RA-200: Regulatory Affairs

SOP No.: 200        REGULATORY AFFAIRS
Author:    Office of Human Research
Effective Date:  October 1, 2007 Supercedes document dated:              N/A
Last Reviewed on:     N/A                                  Results of Review:               N/A
This SOP pertains to:  All personnel involved in corresponding with FDA and in developing submissions pertaining to FDA-regulated human subject research within the Thomas Jefferson University
Responsibility for executing this SOP:  Investigator and Designated Research Personnel
Approved By:
J. Bruce Smith, MD
Associate Vice President for Research
(signature on file at OHR)
Approved By:
Steven E. McKenzie, MD, Ph.D.
Vice President for Research
(signature on file at OHR)

SOP No. 201: Contacts and Submissions for FDA

This procedure outlines the process for conducting effective correspondence with the FDA, both oral and written, for conducting meetings with the agency, and for preparing certain formal submissions to the agency.

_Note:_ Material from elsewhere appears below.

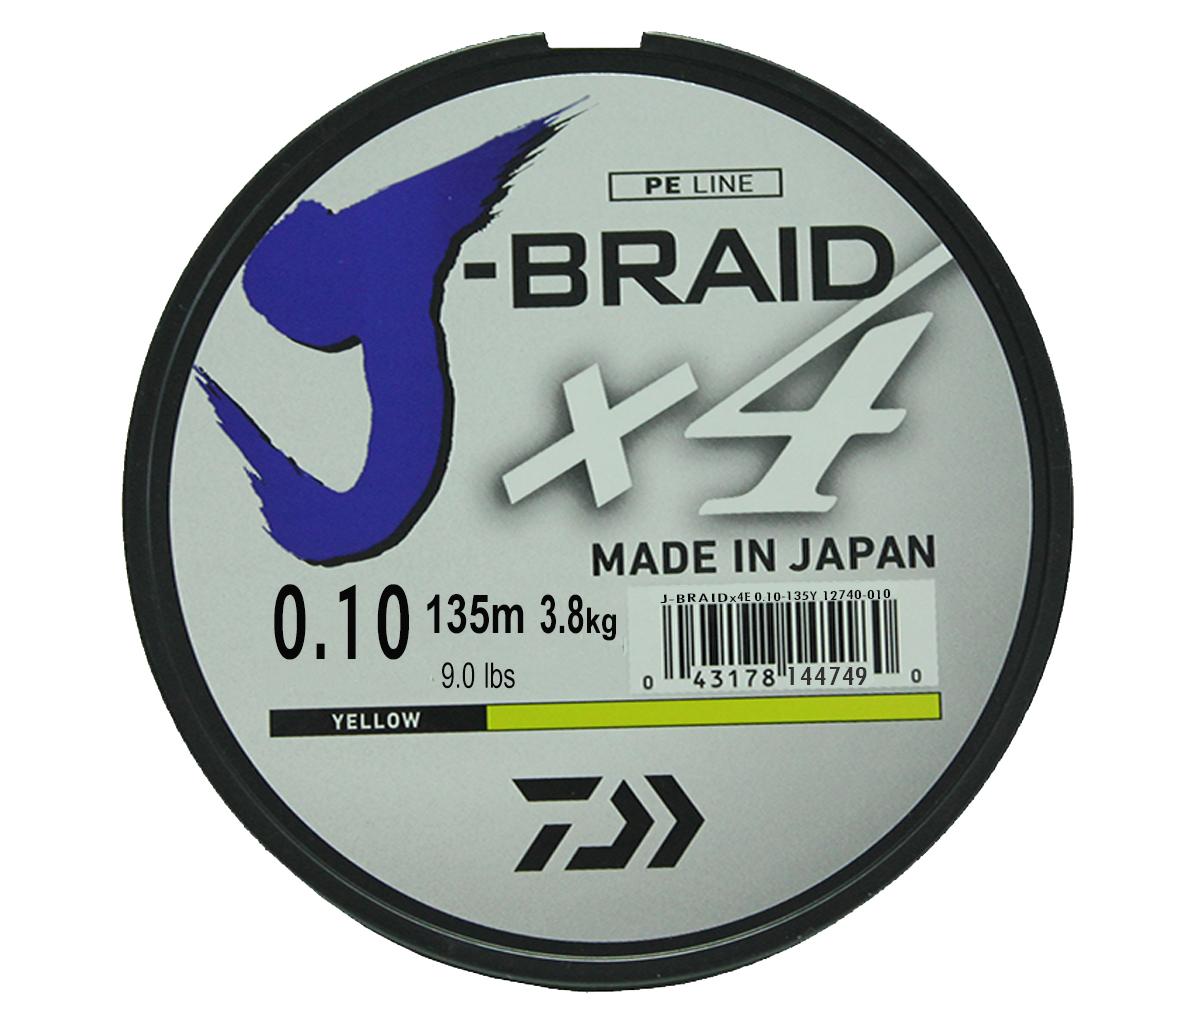 Шнур плетеный Daiwa J-Braid X4, цвет:флуоресцентный желтый, 135 м, 0,10 мм010-01199-23Новый 4х жильный шнур J-Braid, DAIWA - шнур высокого класса с удивительным соотношением цены и качества. Качество плетения полностьюсоответствует японским стандартам и удовлетворяет всем требованиям. Представленные диаметры позволяют использовать шнур для всех техникловли, начиная от ultra- light ловли окуня, до морской ловли палтуса, трески и т.д

SOP No. 202: Reporting Requirements for the FDA under an IND or IDE

This procedure describes the process and requirements for preparing, distributing and maintaining FDA-required reports on the conduct of FDA-regulated human subject research.

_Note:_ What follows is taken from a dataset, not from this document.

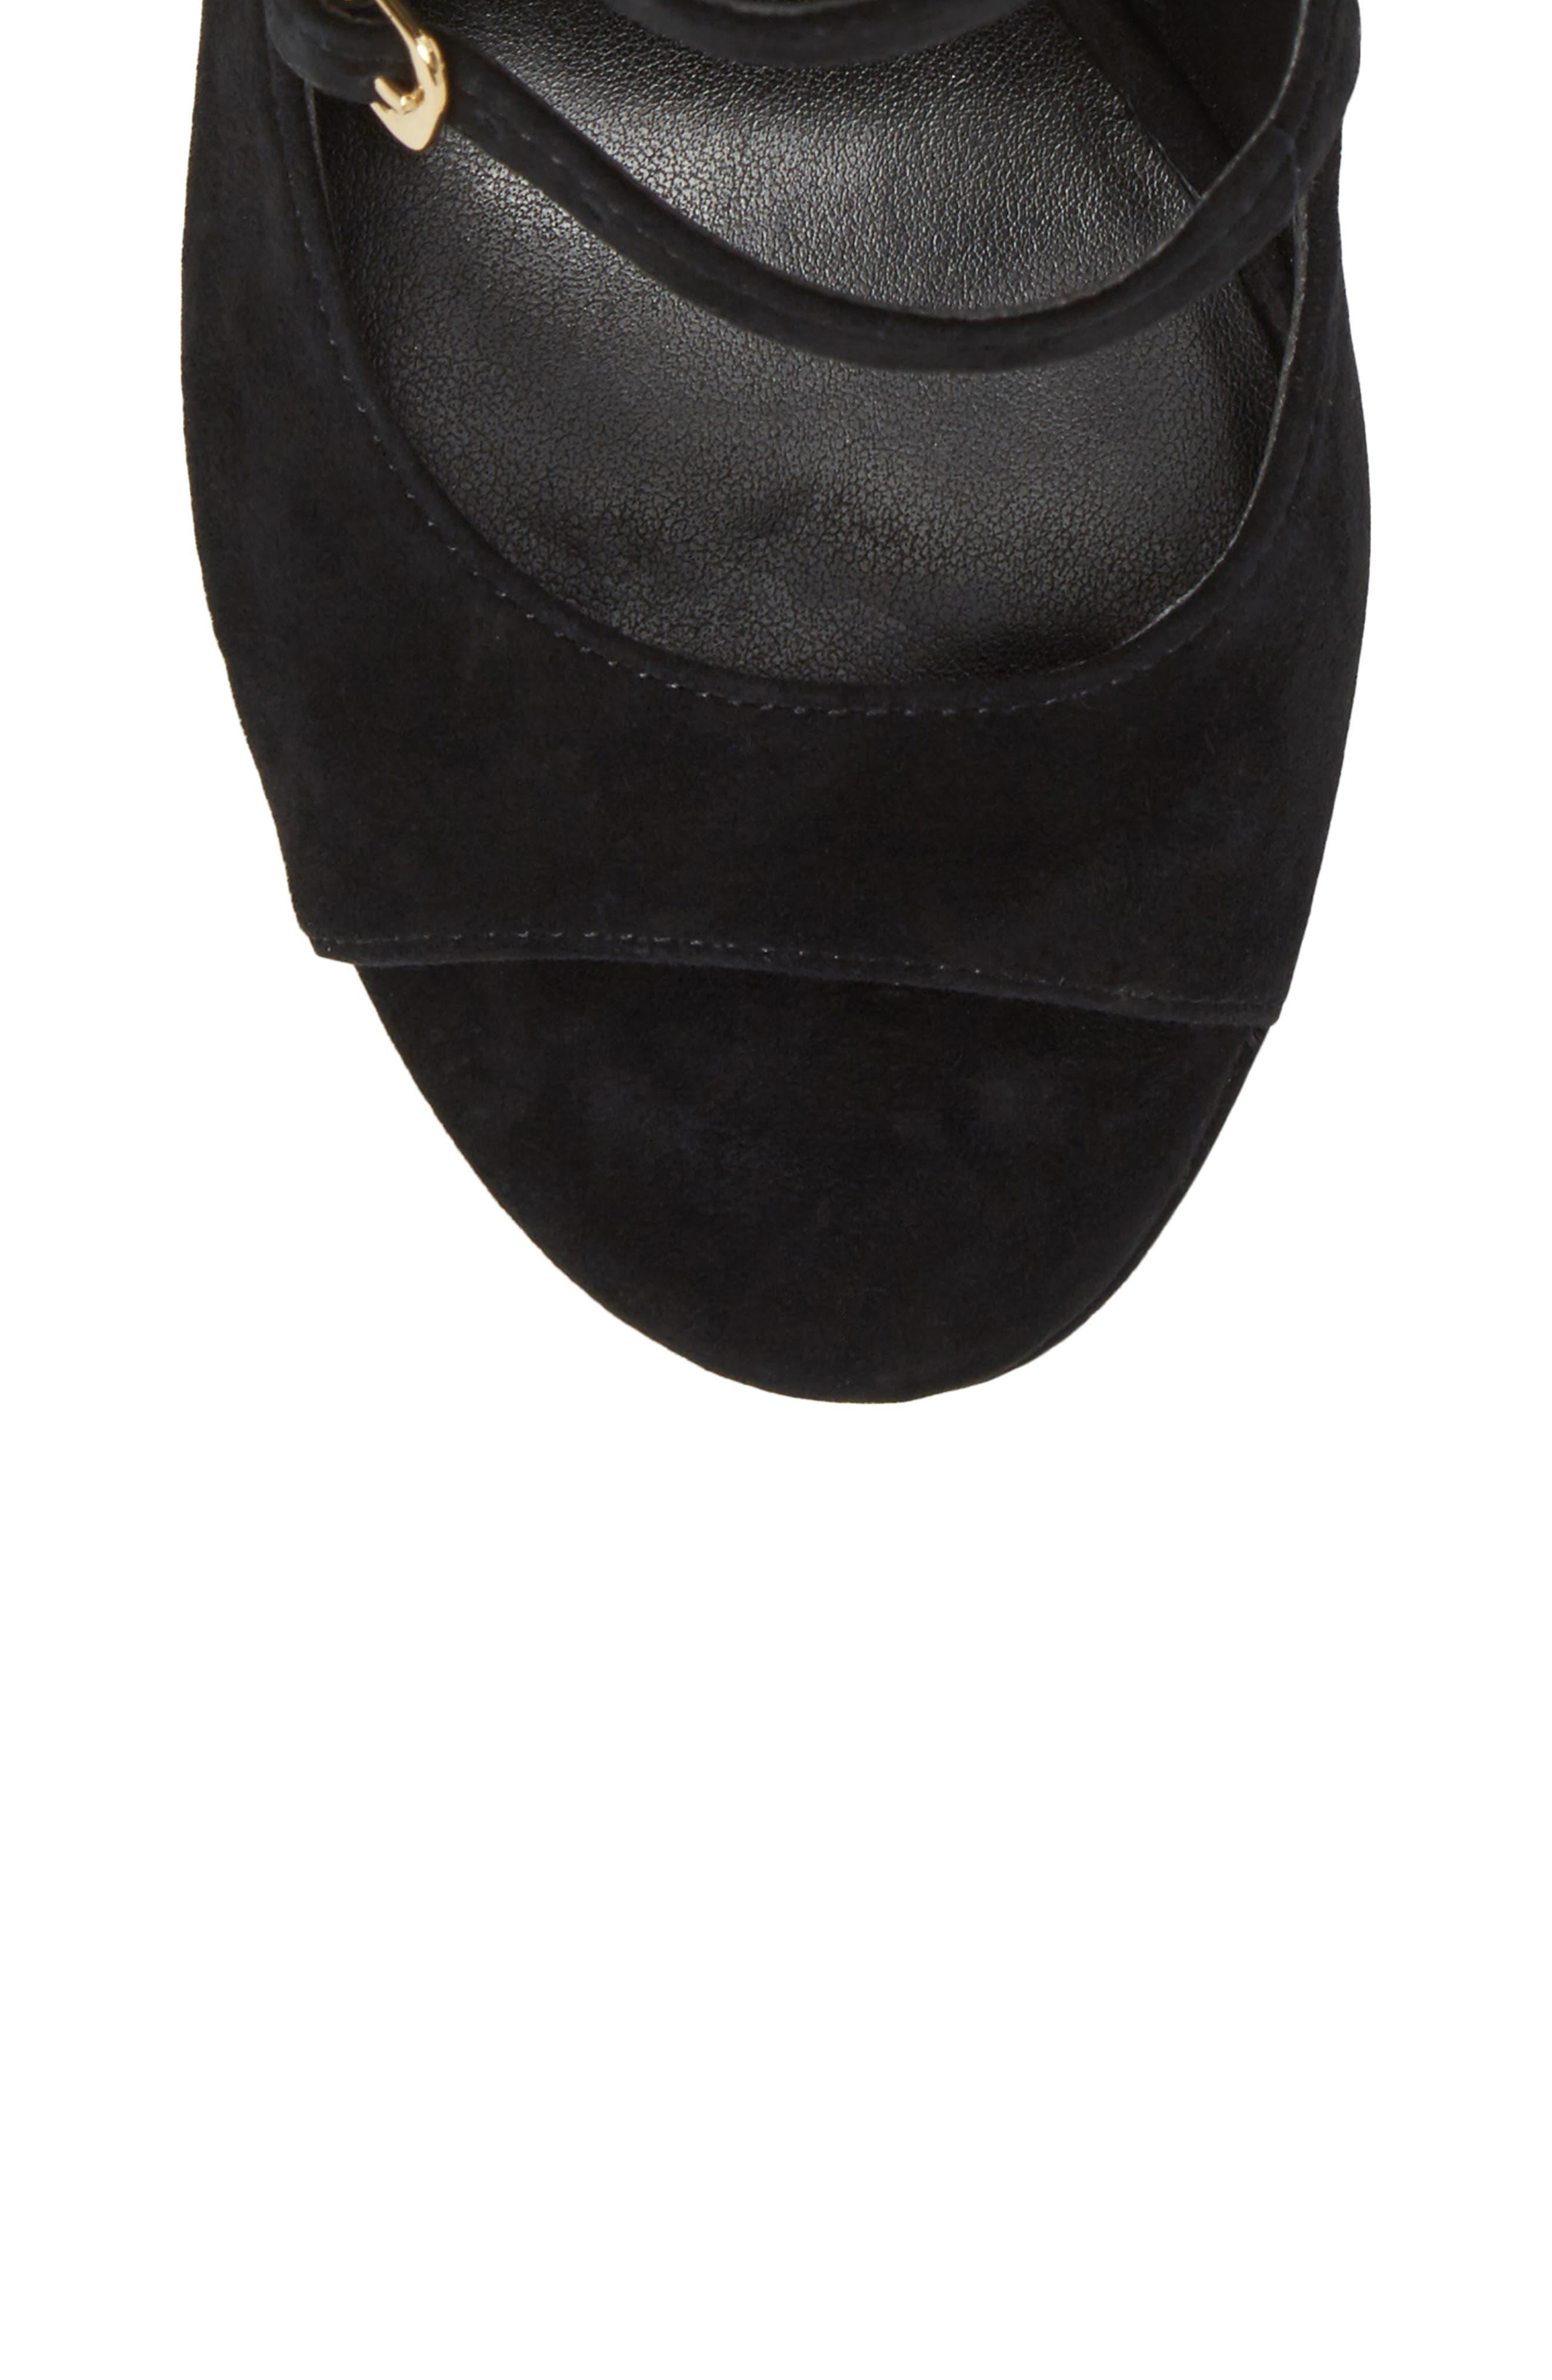 M4D3 Affair Cage Sandal,                             Alternate thumbnail 5, color,                             Black Leather

SOP No. 203: NIH Requirements for OBA-reviewed research

This procedure serves as a companion to SOP 201, Contacts and Submissions for the FDA and SOP 202, Reporting Requirements for the FDA. It describes additional regulatory submission and reporting requirements associated with The Office of Biotechnology Activities (OBA)-reviewed research that must be provided to the OBA Recombinant DNA Advisory Committee (RAC) before such research can begin in human participants, and while such studies are underway.